### Problem to solve:
Apart from the pictures, return every line of the listing exactly.

─── Source data

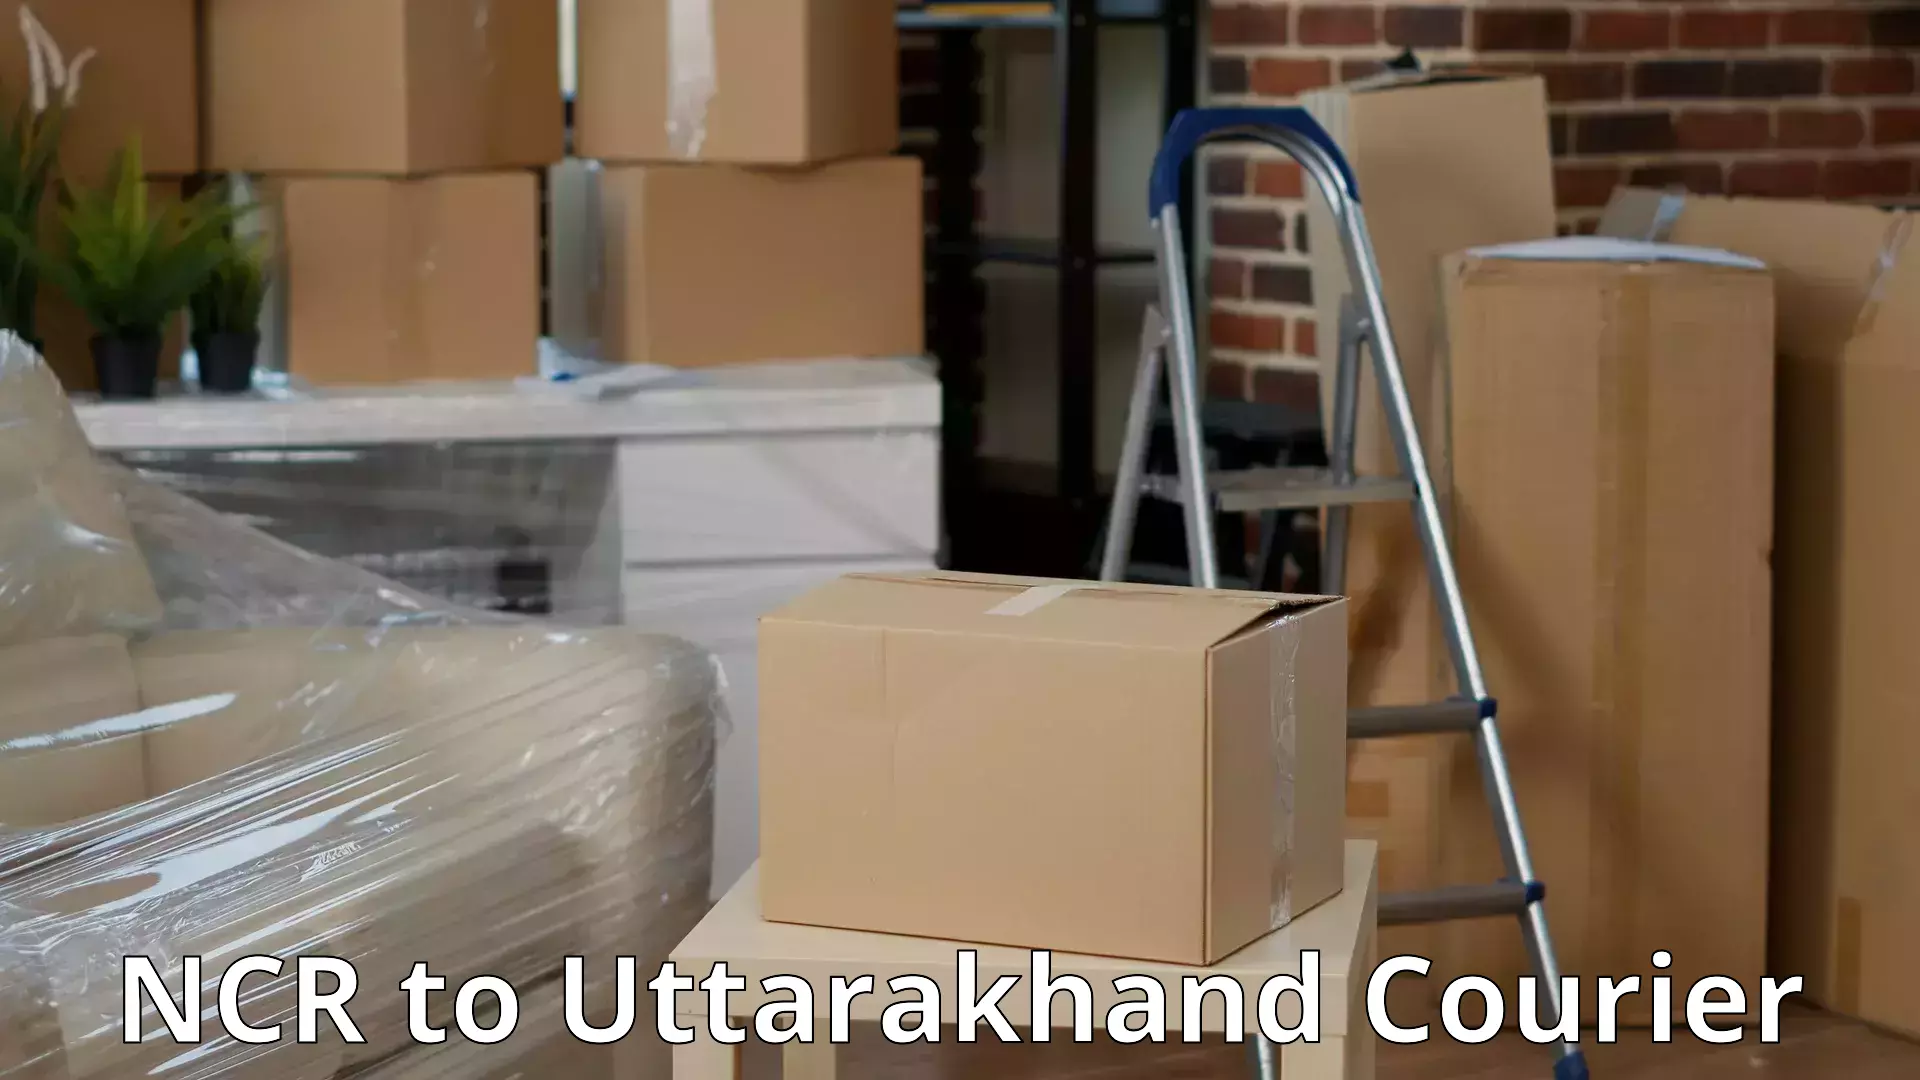 Moving and packing experts NCR to Lansdowne
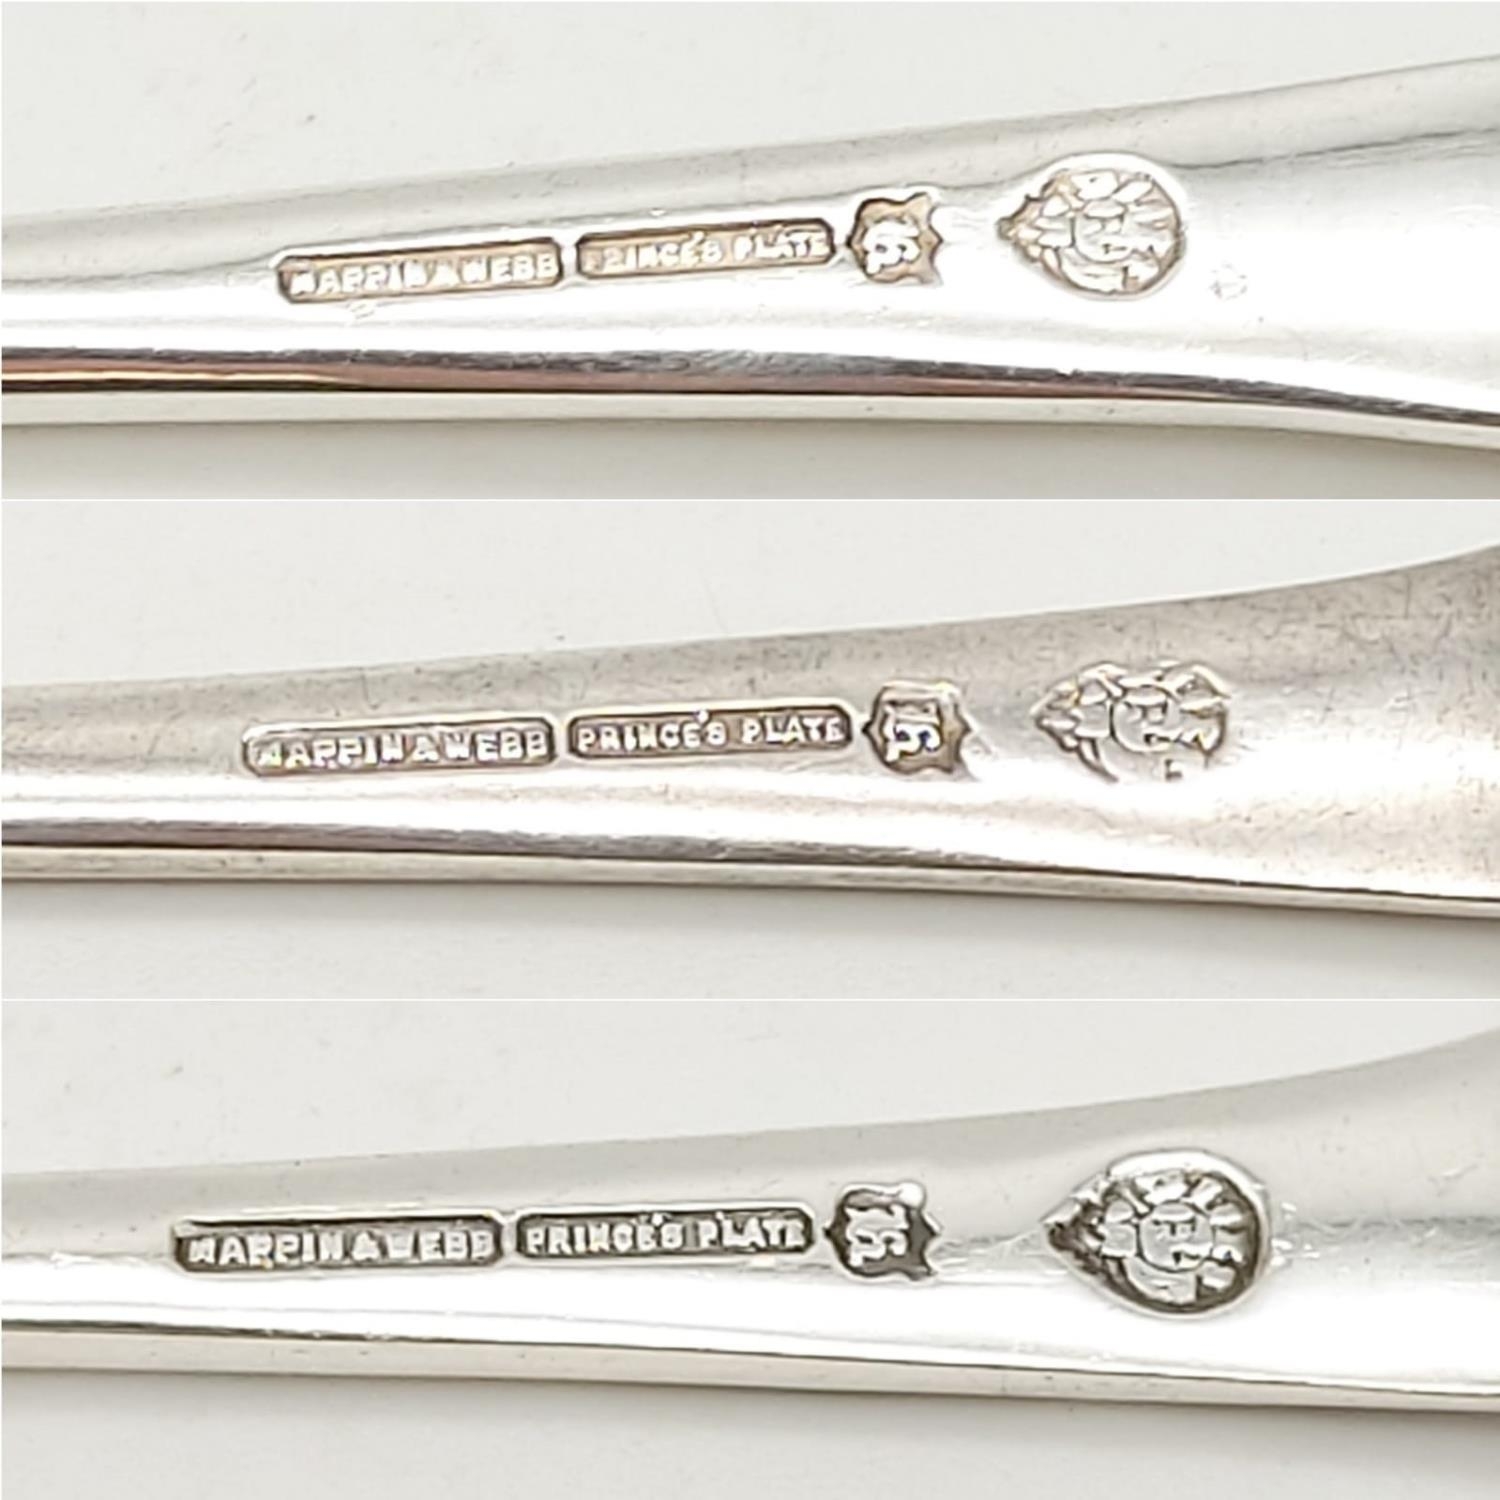 A Vintage Mappin and Webb Fish Entrée Cutlery Set. Prince's Silver plate with engraved decoration. - Image 12 of 16
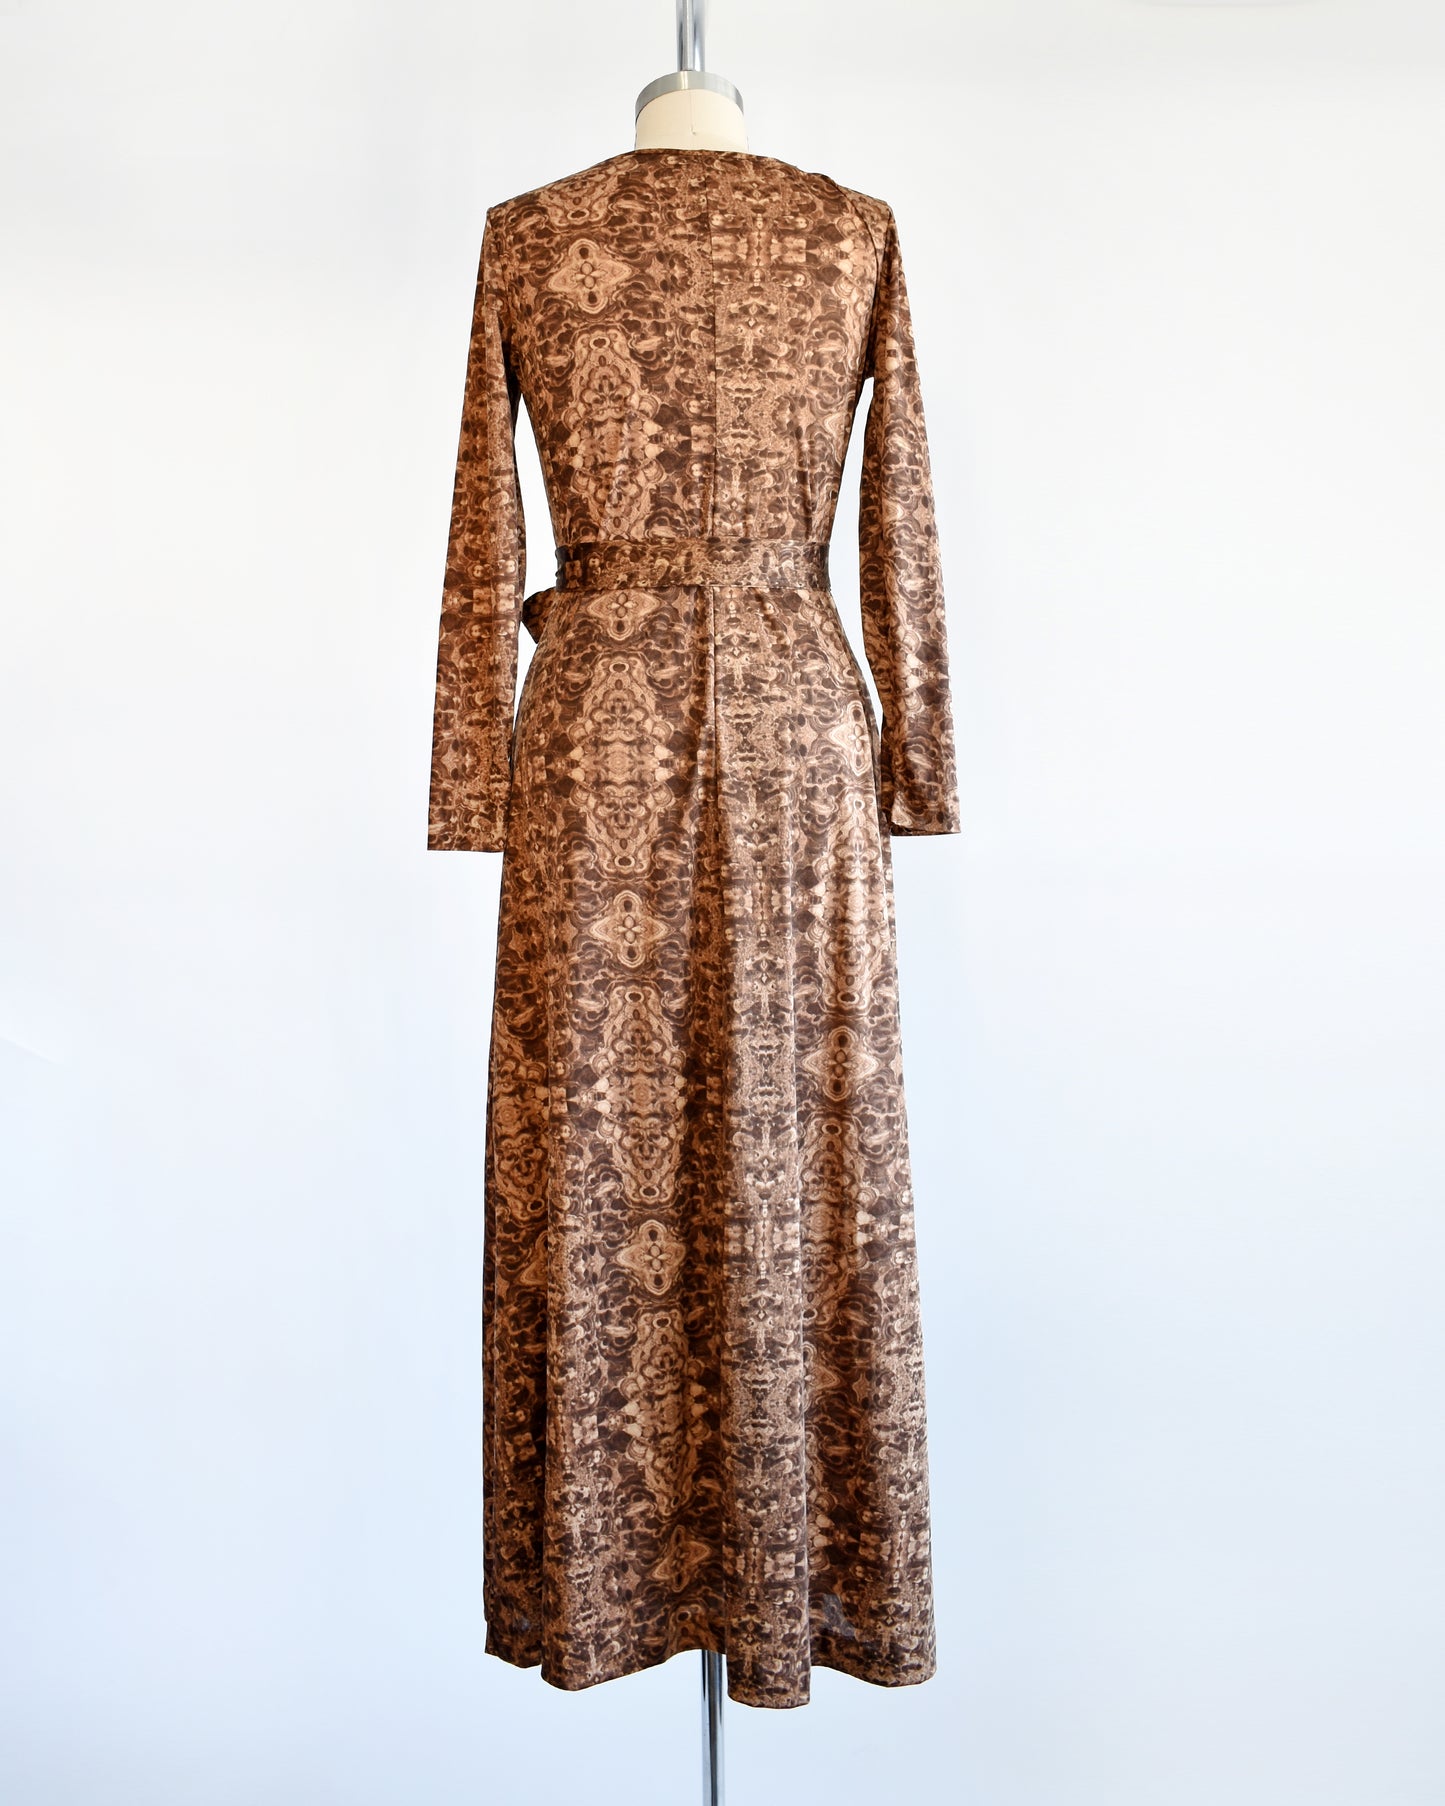 Back view of a vintage 1970s long sleeve maxi dress which features a psychedelic kaleidoscope pattern in light and dark brown.
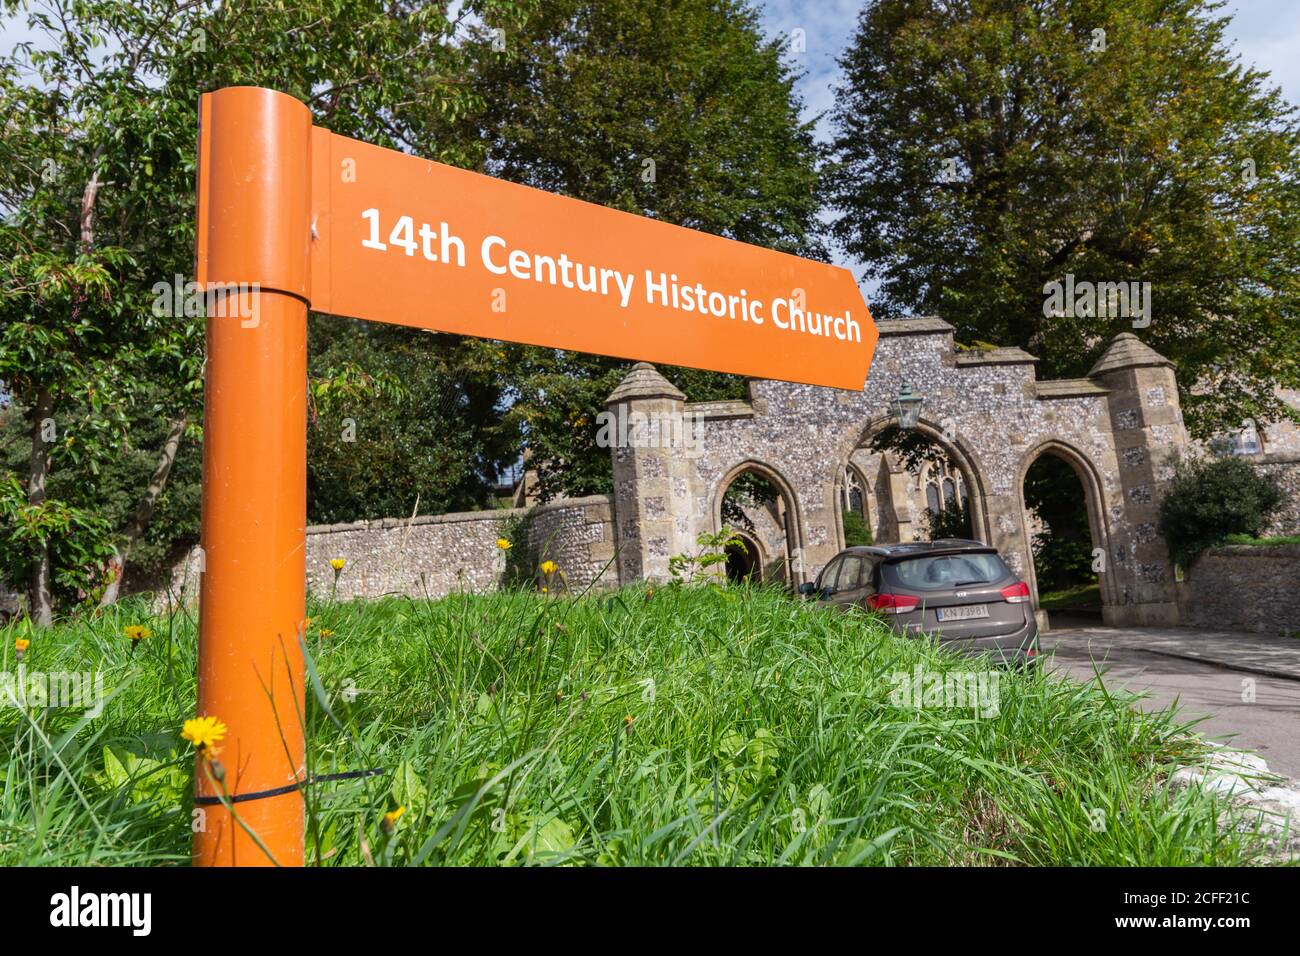 Modern fingerpost sign pointing to a 14th century historic church in Arundel, West Sussex, England, UK. Stock Photo

──────

### Finished exercise:
 Moving and packing experts NCR to Lansdowne
 A Vintage Mappin and Webb Fish Entrée Cutlery Set. Prince's Silver plate with engraved decoration. - Image 12 of 16
 Back view of a vintage 1970s long sleeve maxi dress which features a psychedelic kaleidoscope pattern in light and dark brown.
 Modern fingerpost sign pointing to a 14th century historic church in Arundel, West Sussex, England, UK. Stock Photo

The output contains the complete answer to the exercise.